## Hessian computation

This forum is closed. You can read the posts but cannot write. We have migrated the forum to a new location where you will have to reset your password.
Forum rules
This forum is closed. You can read the posts but cannot write. We have migrated the forum to a new location (https://forum.dynare.org) where you will have to reset your password.

### Hessian computation

Hi All
A common problem that plagues the estimation of DSGE models is the computation of the inverse of the Hessian at the posterior mode, that is not positive definite.
I am aware that the option mode_compute=5 offers a different way of computing the Hessian. optim={'Hessian',2}. This seems to work well, from what I have seen. There is very little documentation available on this in the manual.
Do other optimisers also offer similar options? Perhaps not documented?
Cheers
Reuben
reubenpjacob

Posts: 133
Joined: Fri Oct 06, 2006 3:23 pm
Location: Reserve Bank of New Zealand

### Re: Hessian computation

Dear Reuben,

I believe the answer is no. However, mode_compute=6, which is based on a MCMC, provides an estimate of the posterior covariance matrix not based on the inverse of the hessian matrix (we use MCMC draws, so it works as long as the acceptance ratio is not too close to zero). Also, it is not mandatory to estimate the posterior mode (with hessian at the estimated mode) for running a metropolis.

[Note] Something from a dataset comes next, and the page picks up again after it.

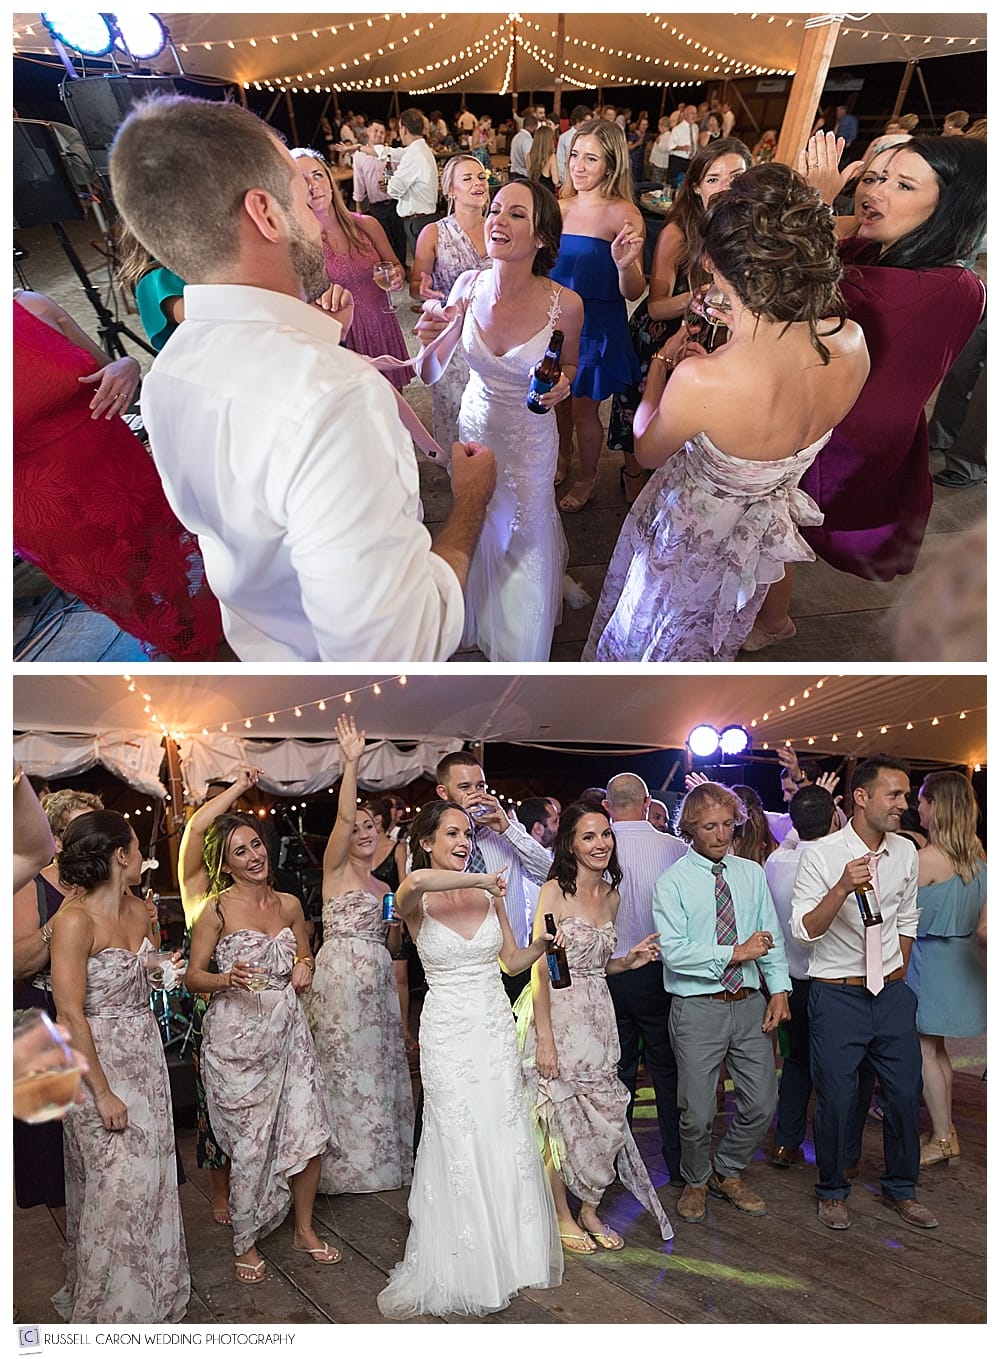 wedding reception dancing fun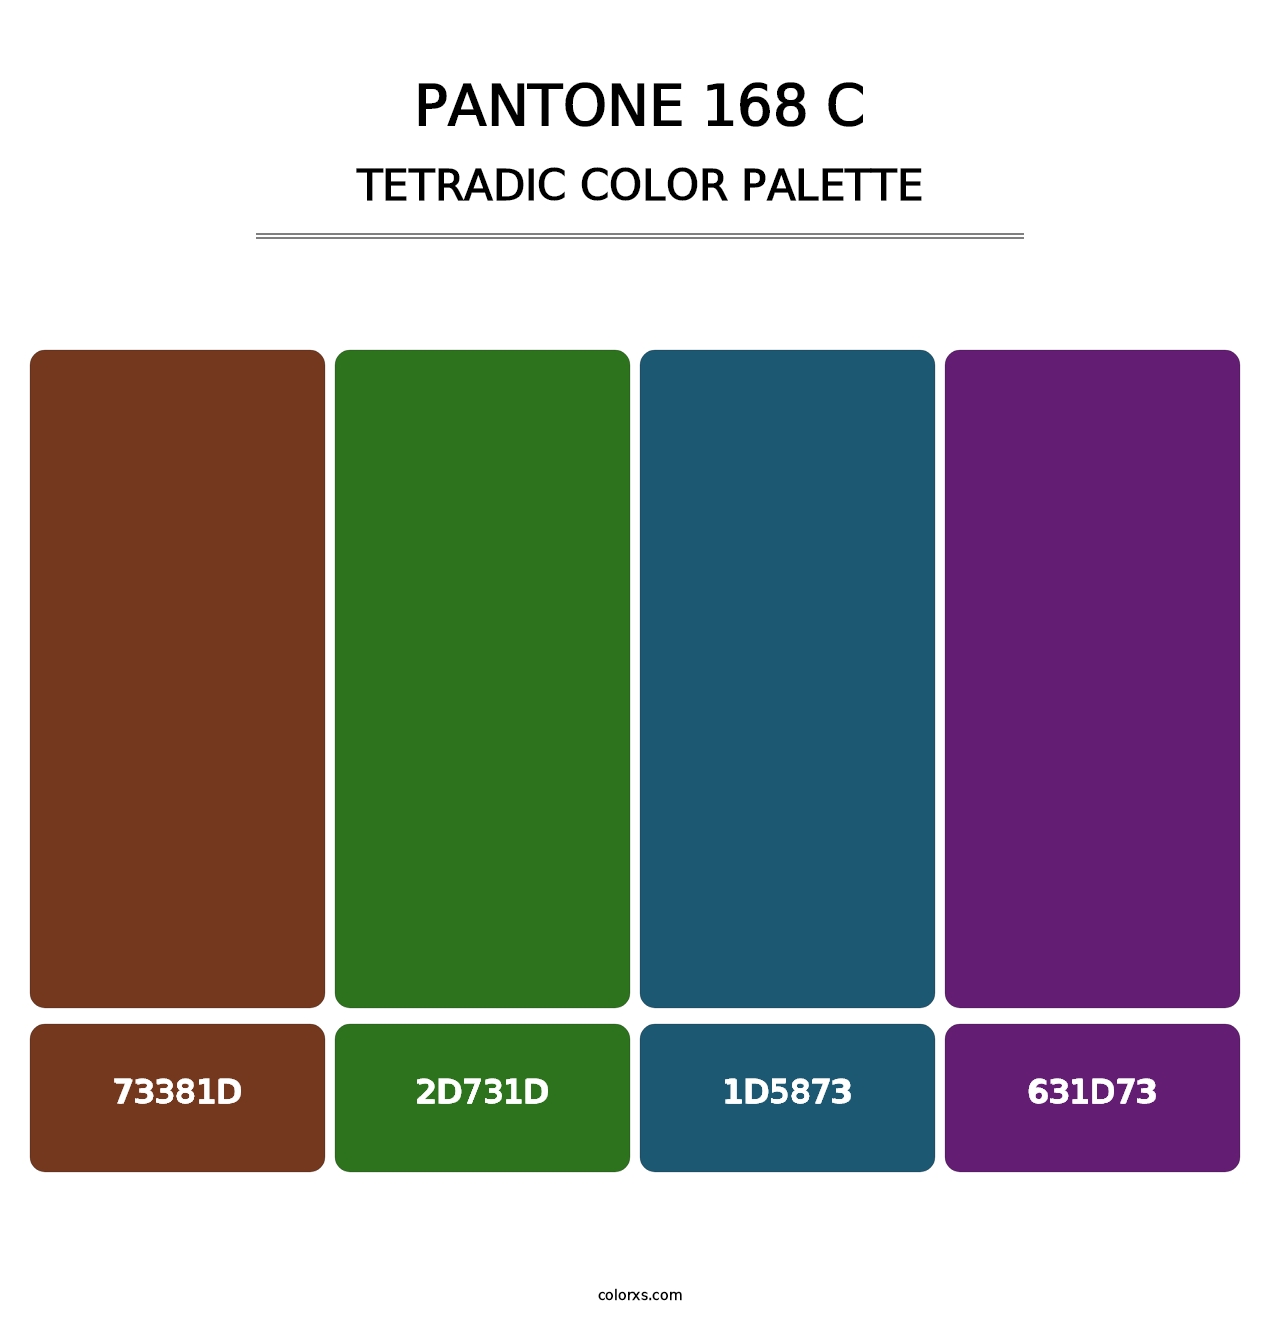 PANTONE 168 C - Tetradic Color Palette

You can optionally use another covariance matrix for the jumping distribution.

Best,
Stéphane.
Université du Maine, GAINS and DynareTeam

Posts: 429
Joined: Wed Jan 05, 2005 4:24 pm
Location: Paris, France.

### Re: Hessian computation

mode_compute=5 with
Code: Select all
`optim={'Hessian',2} `
relies on the outer product of gradients and requires the use of a univariate Kalman filter. Therefore, something similar is not available for other optimizers. As Stéphane indicated, mode_compute=6 also differs.
The reason for using the inverse Hessian at the mode is that this is the most efficient choice if the posterior would be normal. But any positive definite matrix for the proposal density will do. You could provide any arbitrary matrix via the
Code: Select all
`mcmc_jumping_covariance`

command.
------------
Johannes Pfeifer
University of Cologne
jpfeifer

Posts: 6940
Joined: Sun Feb 21, 2010 4:02 pm
Location: Cologne, Germany

### Re: Hessian computation

Sorry for my question,

we use MCMC draws, so it works as long as the acceptance ratio is not too close to zero

From what stage of this method are you referring? I ask this because I see severals acceptance rates in different stages of procedure of this method.

¿Is it not assured that acceptance ratio = 1/3?
I ask this because I see in manual '
AcceptanceRateTarget'. Default: 1.0/3.0
Aldo

Posts: 56
Joined: Fri Aug 07, 2015 4:47 pm

### Re: Hessian computation

We use the draws of the metropolis (run in mode_compute=6) to estimate the posterior covariance matrix. We need to have enough variability in these draws. If all the draws, were identical (or more generally if the number of different draws was smaller than the number of estimated parameters) the sample covariance matrix would obviously not be full rank. That's why we target, by default, an acceptance rate of one third (which is the value commonly considered in the literature.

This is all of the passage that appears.